In Patent Literature 3, a brake lining is disclosed that has a similar structure to the brake lining disclosed in Patent Literature 2, and in which two friction members that are adjacent are connected by a plate-like member.

CITATION LIST Patent Literature

Patent Literature 1: Japanese Patent Application Publication No. 2002-340056

Patent Literature 2: Japanese Patent Application Publication No. 2011-214629

Patent Literature 3: Japanese Patent Application Publication No. 2012-251597

SUMMARY OF INVENTION Technical Problem

However, when the technique disclosed in Patent Literature 1 is to be applied to an existing vehicle, it is necessary to change not only the brake lining but also the brake caliper configured to apply a pressing force on the brake lining, and this affects the design of the whole disk brake. Therefore, it is extremely difficult to apply the technique to an existing vehicle.

In the structure of the brake lining disclosed in Patent Literature 2, the support stiffness of each of the elastic members needs to be adjusted in accordance with the position thereof on the back board, and therefore the manufacture management is complicated.

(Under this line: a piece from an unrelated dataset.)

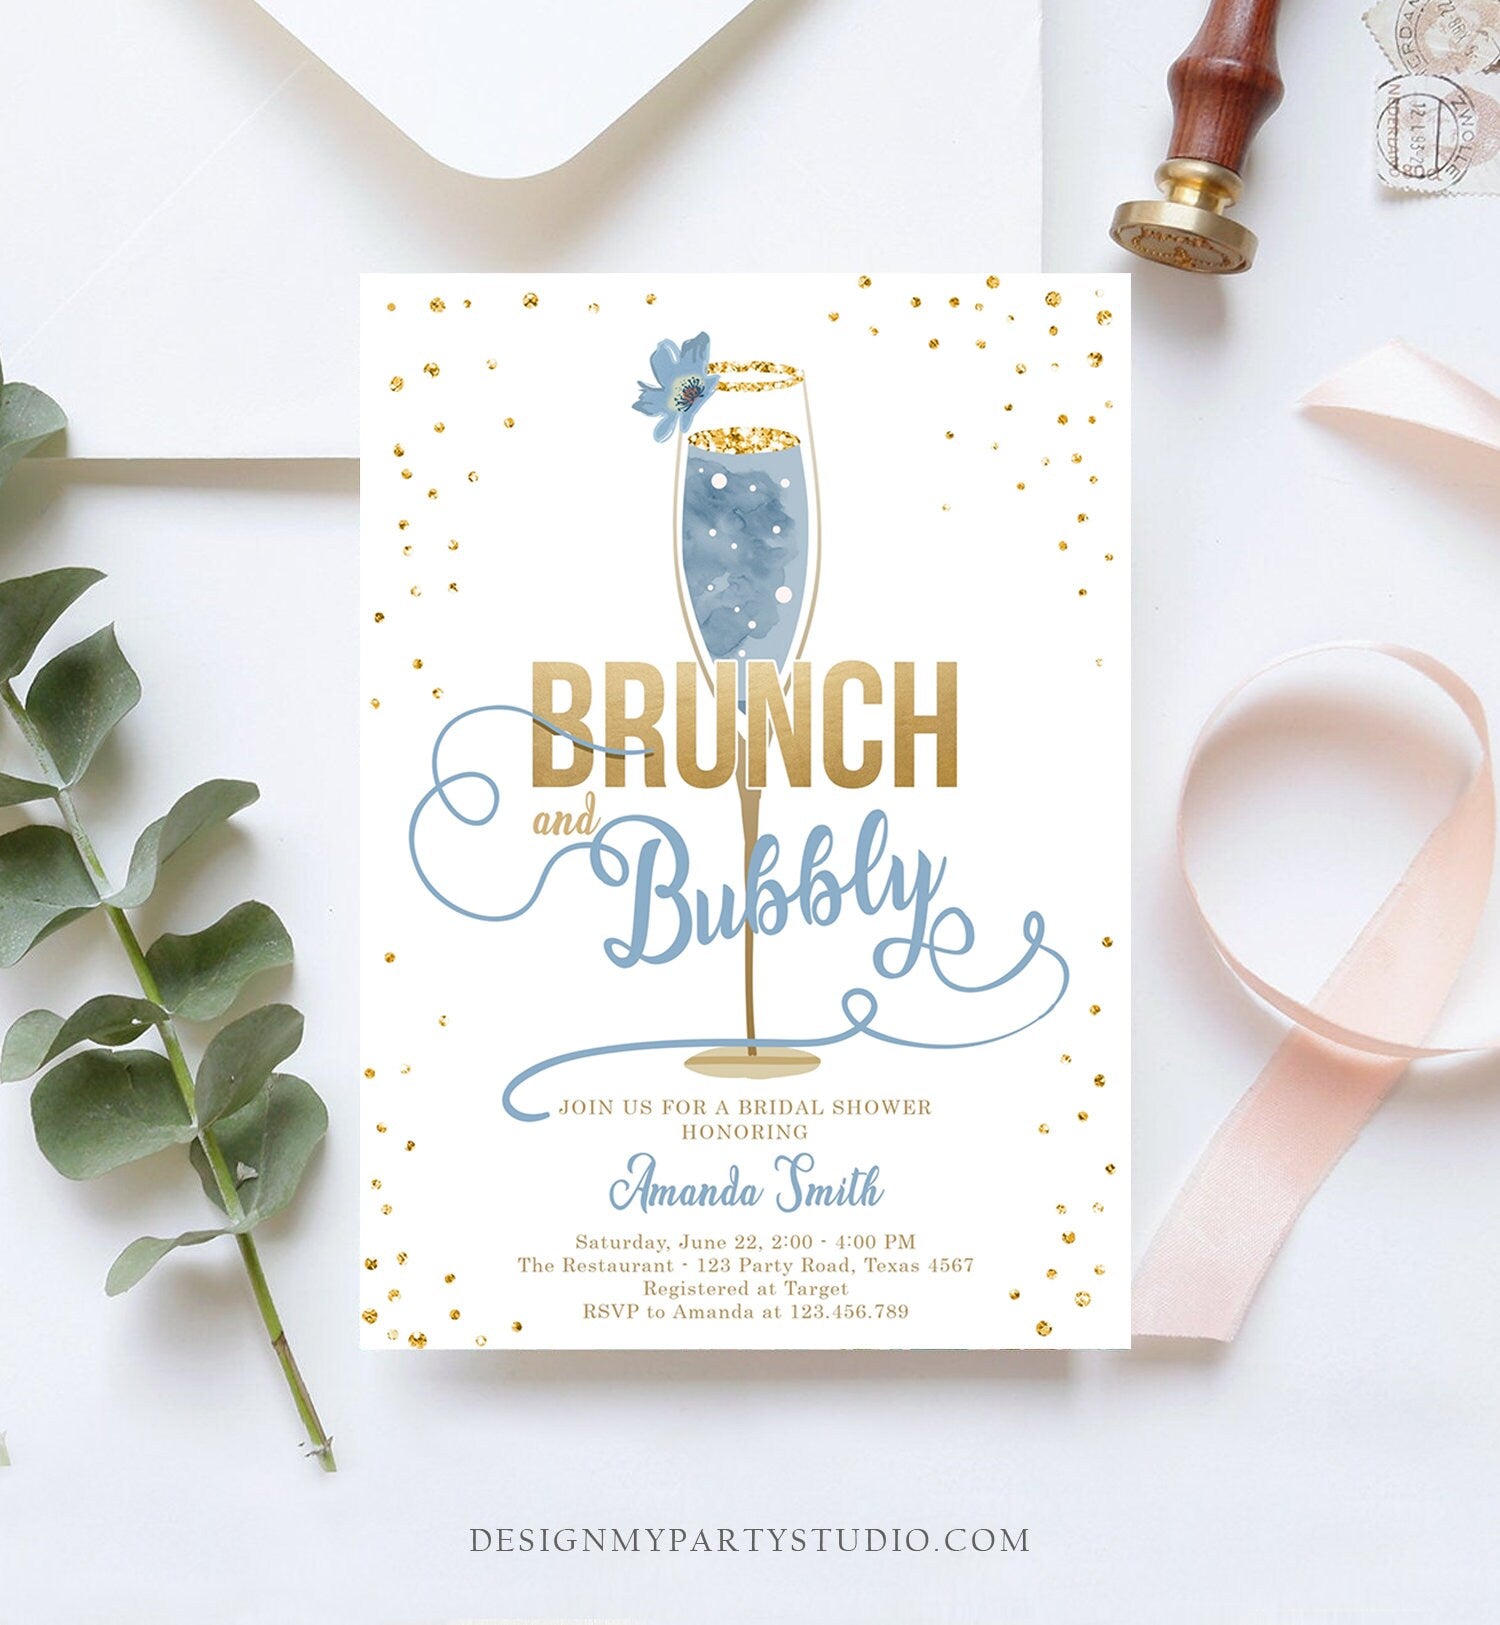 Editable Brunch and Bubbly Bridal Shower Invitation Floral Champagne Gold Dusty Blue Wedding Download Printable Template Digital Corjl 0150

In the brake lining disclosed in Patent Literature 3, the purpose of connecting the two friction members together by the plate-like member is to suppress rotation of the respective friction members and suppressing variations in frictional coefficient between the individual friction members. Patent Literature 3 does not discuss suppression of brake squeal.

In view of the situation described above, an objective of the present invention is to provide a brake lining that can suppress brake squeal and which can be easily applied to an existing vehicle and for which manufacture management is simple, and to also provide a disk brake that includes such a brake lining.

Solution to Problem

A brake lining according to the present embodiment is a brake lining configured to be pressed against a sliding surface of a brake disk fastened to a wheel or an axle of a railway vehicle, the brake lining including:

a plurality of friction members arranged to be spaced from each other, each of the friction members having a front surface that is to face the sliding surface of the brake disk;

a back board fastened to a back surface of each of the friction members; and

a base plate supporting each of the friction members at a region including a center portion of each of the friction members, wherein a spring member is disposed between the base plate and the back boards on a back surface side of each of the friction members;

wherein:

two of the friction members that are adjacent to each other are taken as a pair, and the back board that is fastened to the pair of friction members is a one-piece member; and

a width of the back board at a space between the friction members of the pair of friction members is greater than a width of the friction member.

A disk brake according to the present embodiment is a disk brake including:

a brake disk fastened to a wheel or an axle of a railway vehicle; and

the aforementioned brake lining to be pressed against a sliding surface of the brake disk.

Advantageous Effects of Invention

The brake lining and disk brake of the present invention can suppress brake squeal. It is easy to apply the brake lining and disk brake of the present invention to an existing vehicle, and the manufacture management of the brake lining and disk brake is simple.

BRIEF DESCRIPTION OF DRAWINGS

FIG. 1 is a plan view of a conventional brake lining.

FIG. 2A is a plan view of a brake lining according to one embodiment of the present invention.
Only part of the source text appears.